DATA EXCERPT —
-----
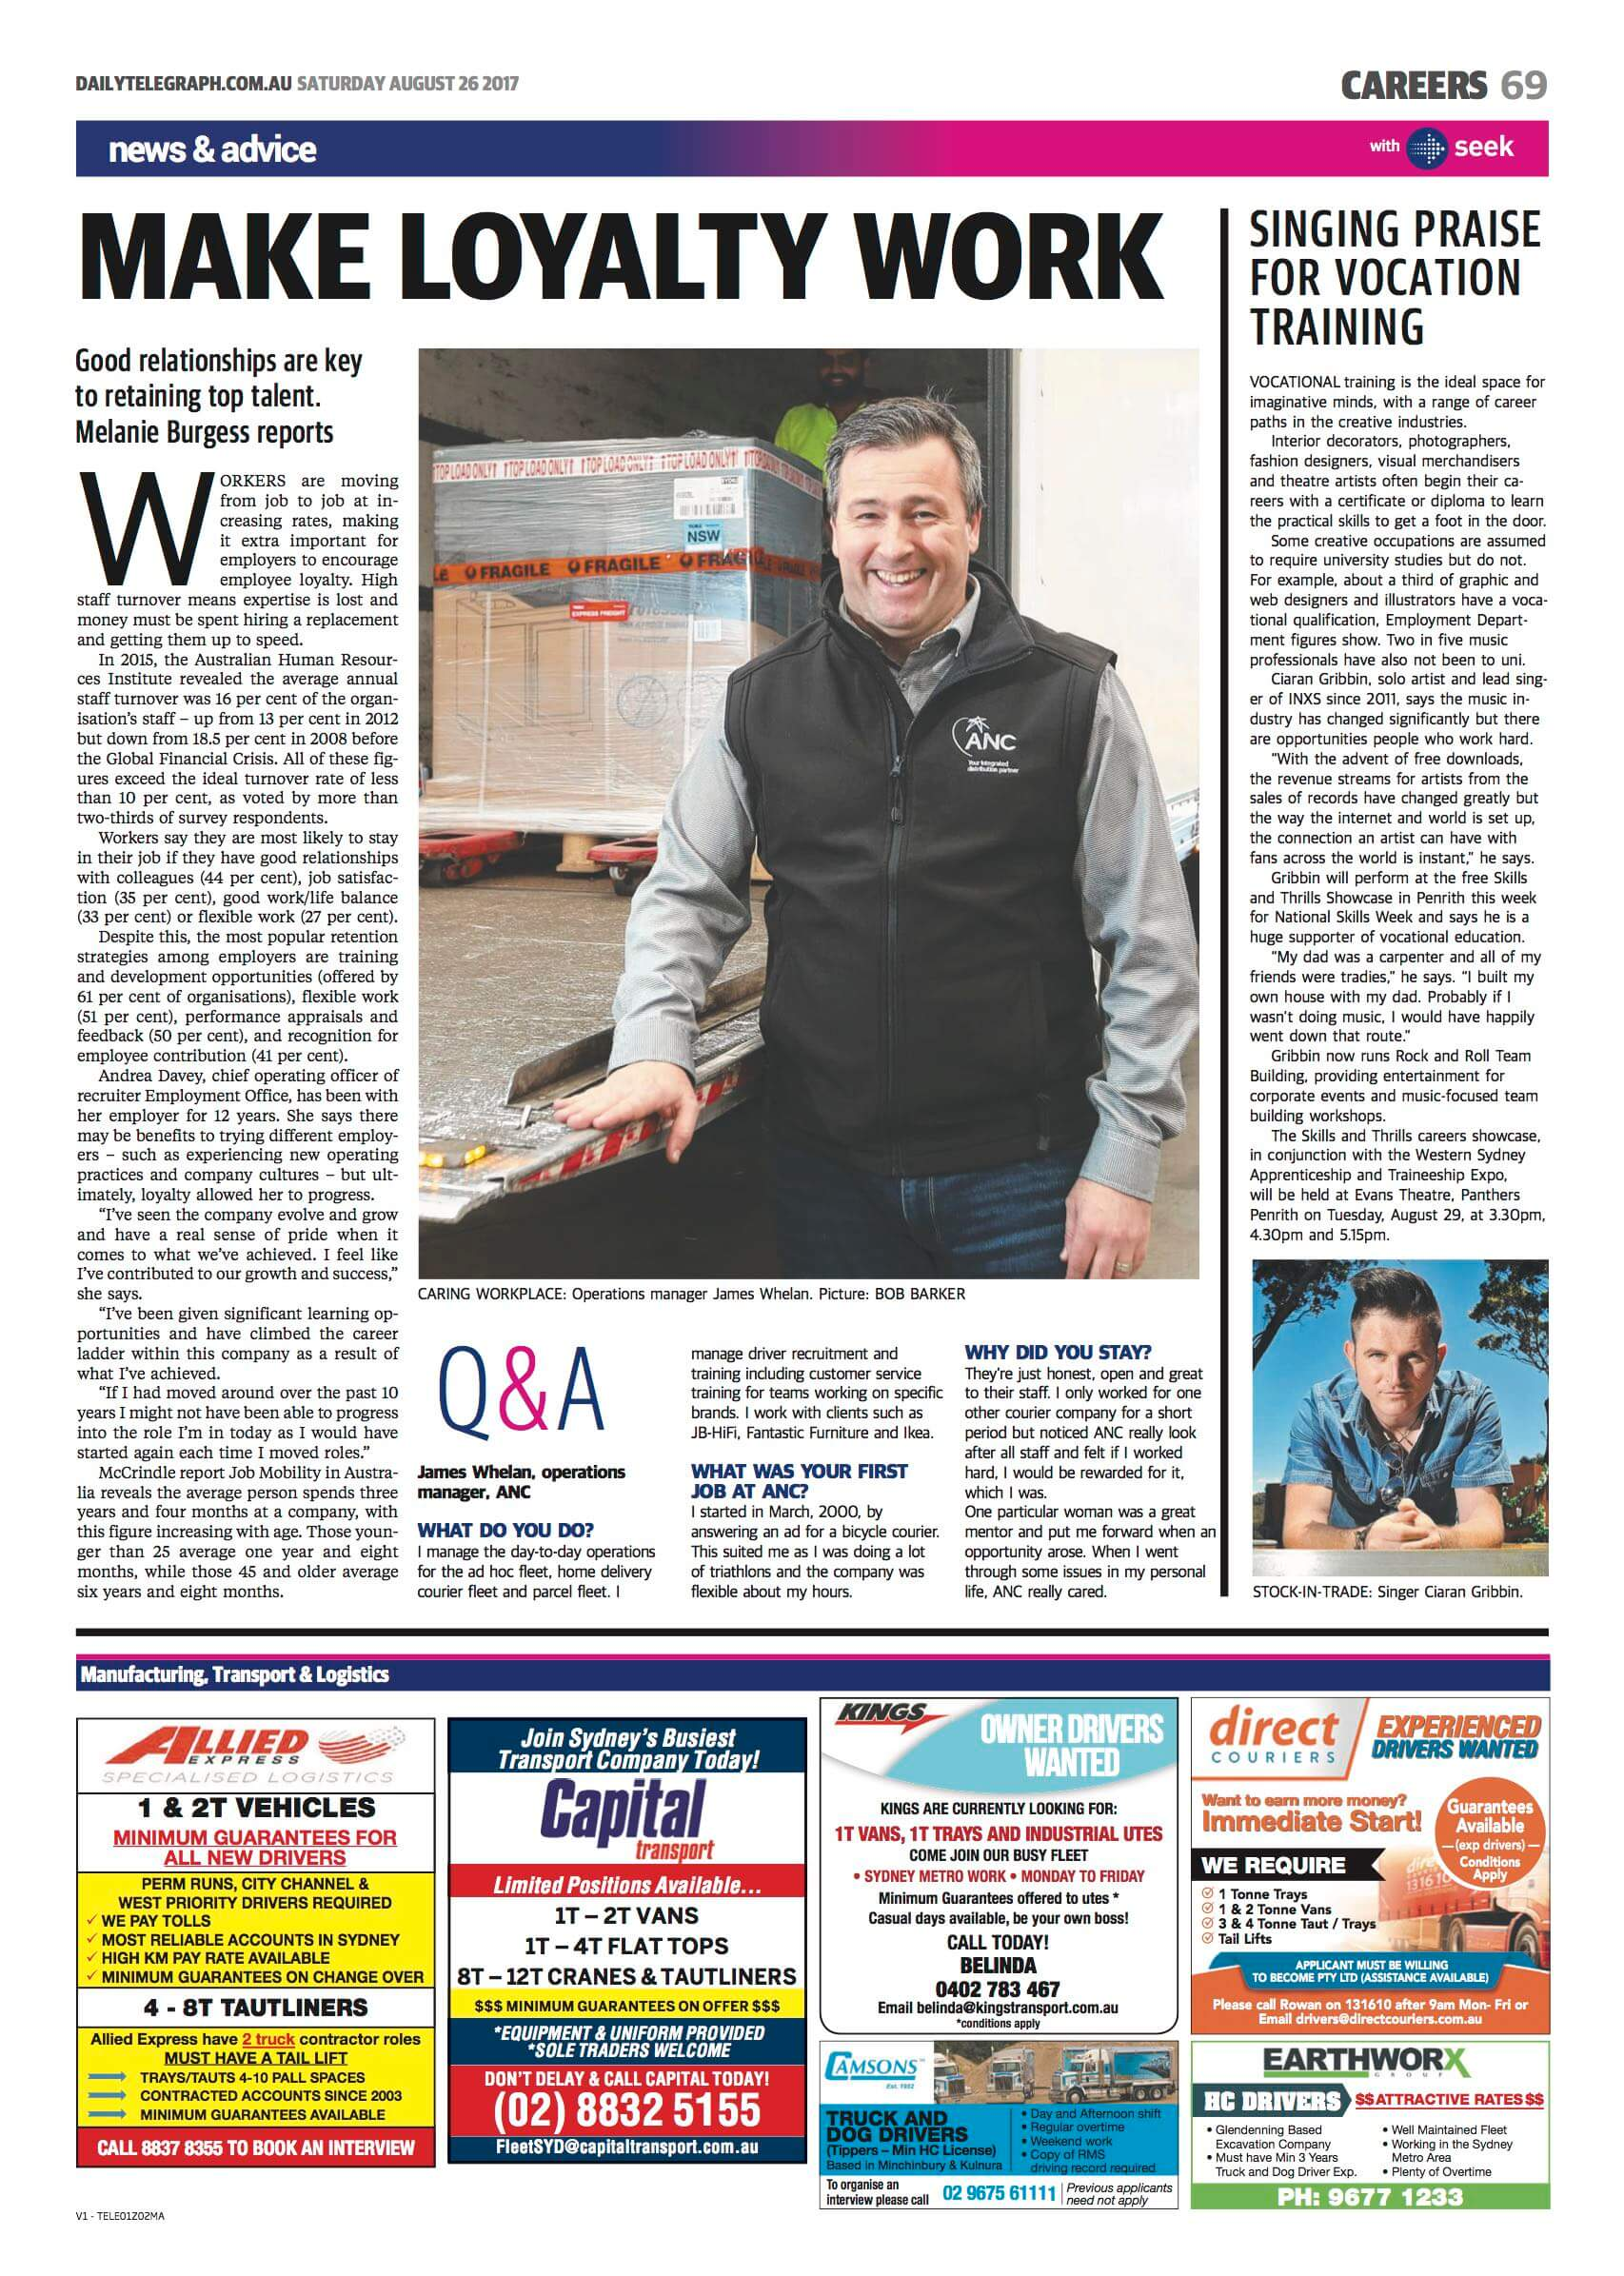 Daily Telegraph James Whelan CareersOne interview
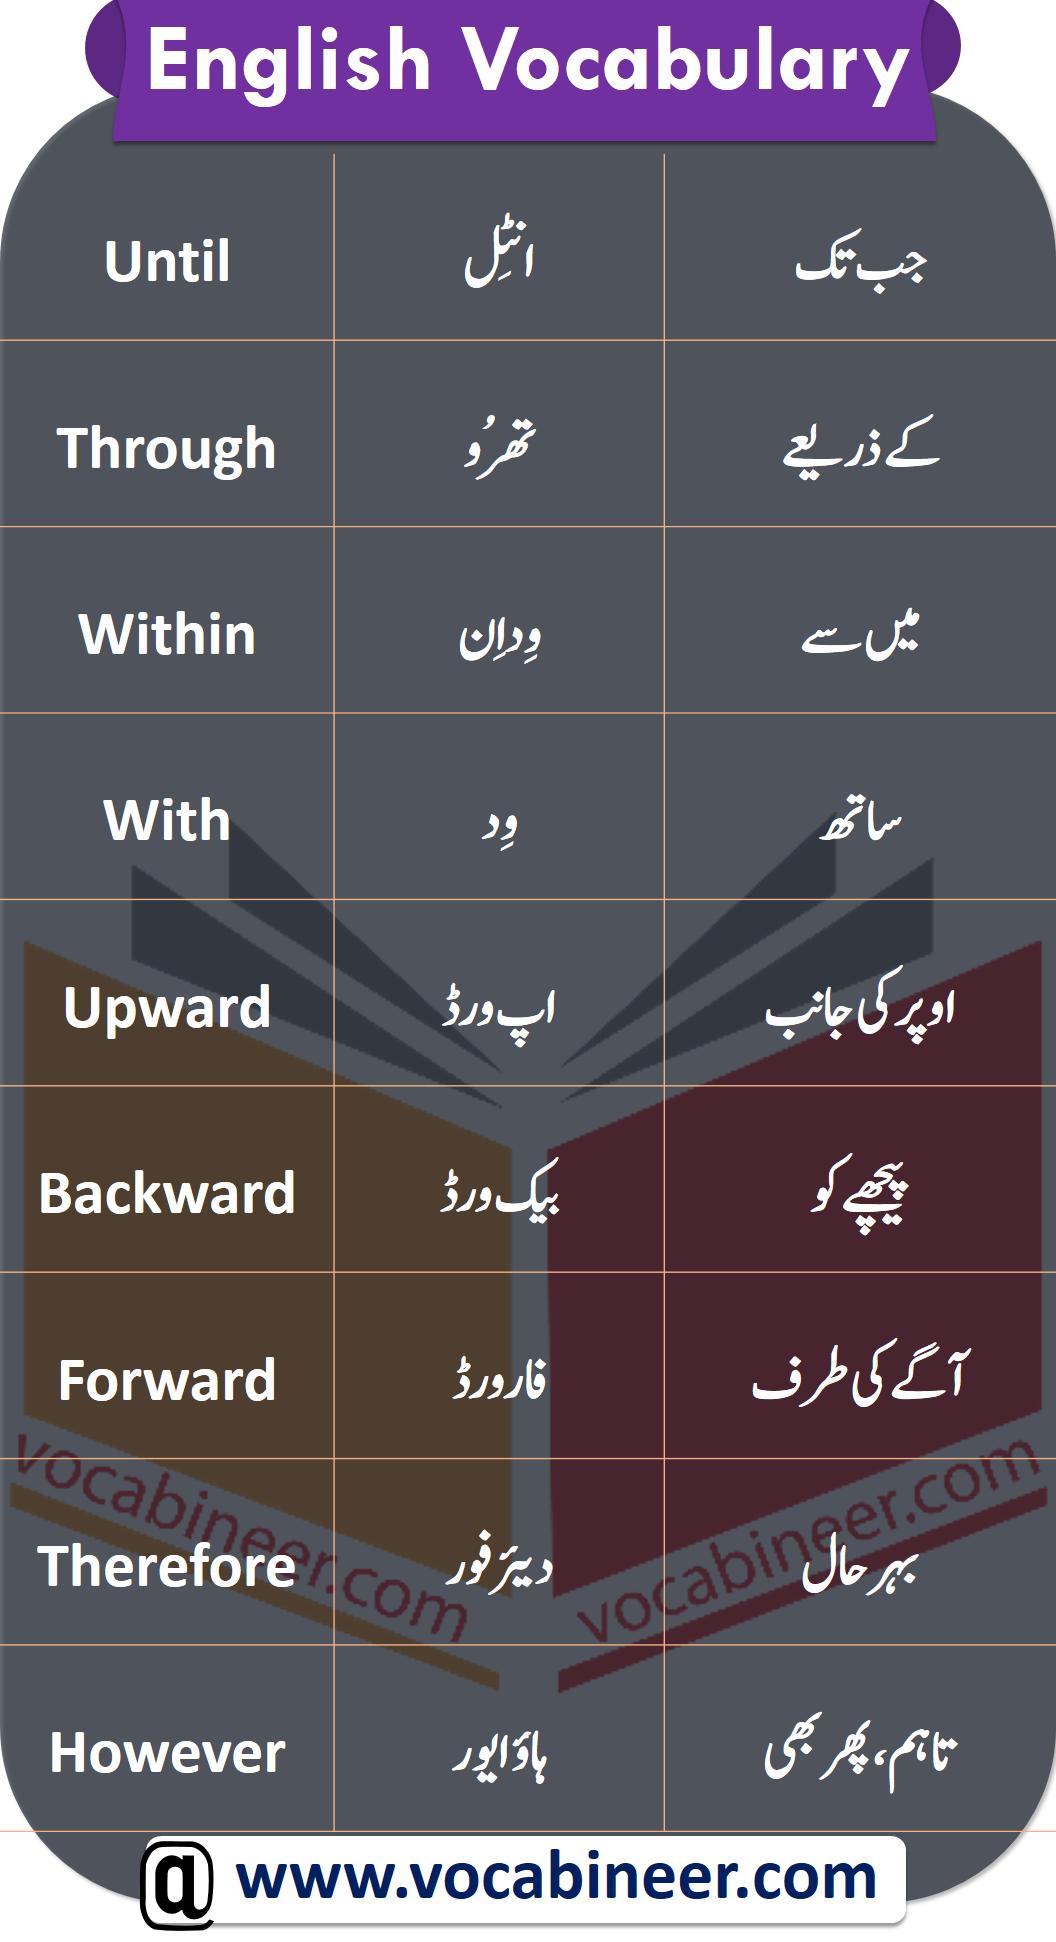 Urdu Words List In English Watch Video Pdf Book In 2020 English Learning Spoken Learn English Words Learn English Vocabulary [ 1942 x 1056 Pixel ]
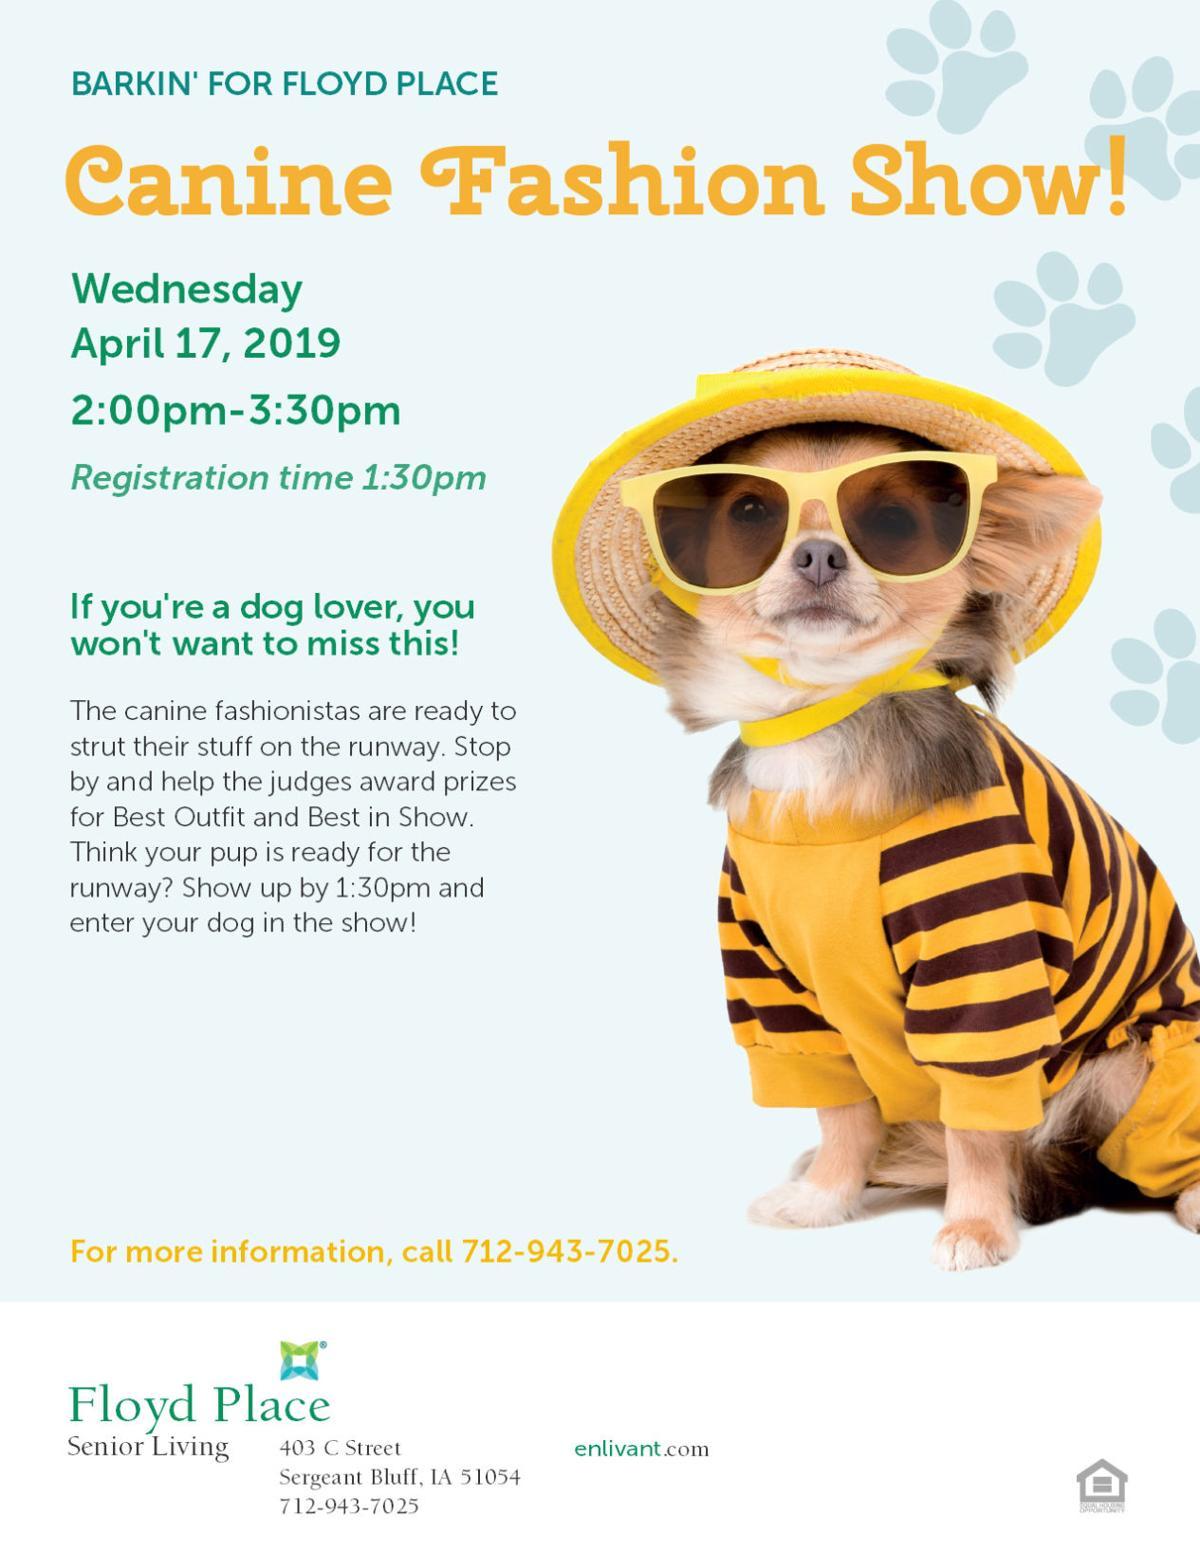 Floyd Place Canine Fashion Show
-----
EXERCISE AIM — Each of the lines above should be transcribed exactly; no image is to be copied.

RESULT OF THIS TASK —
 Daily Telegraph James Whelan CareersOne interview
 Urdu Words List In English Watch Video Pdf Book In 2020 English Learning Spoken Learn English Words Learn English Vocabulary [ 1942 x 1056 Pixel ]
 Floyd Place Canine Fashion Show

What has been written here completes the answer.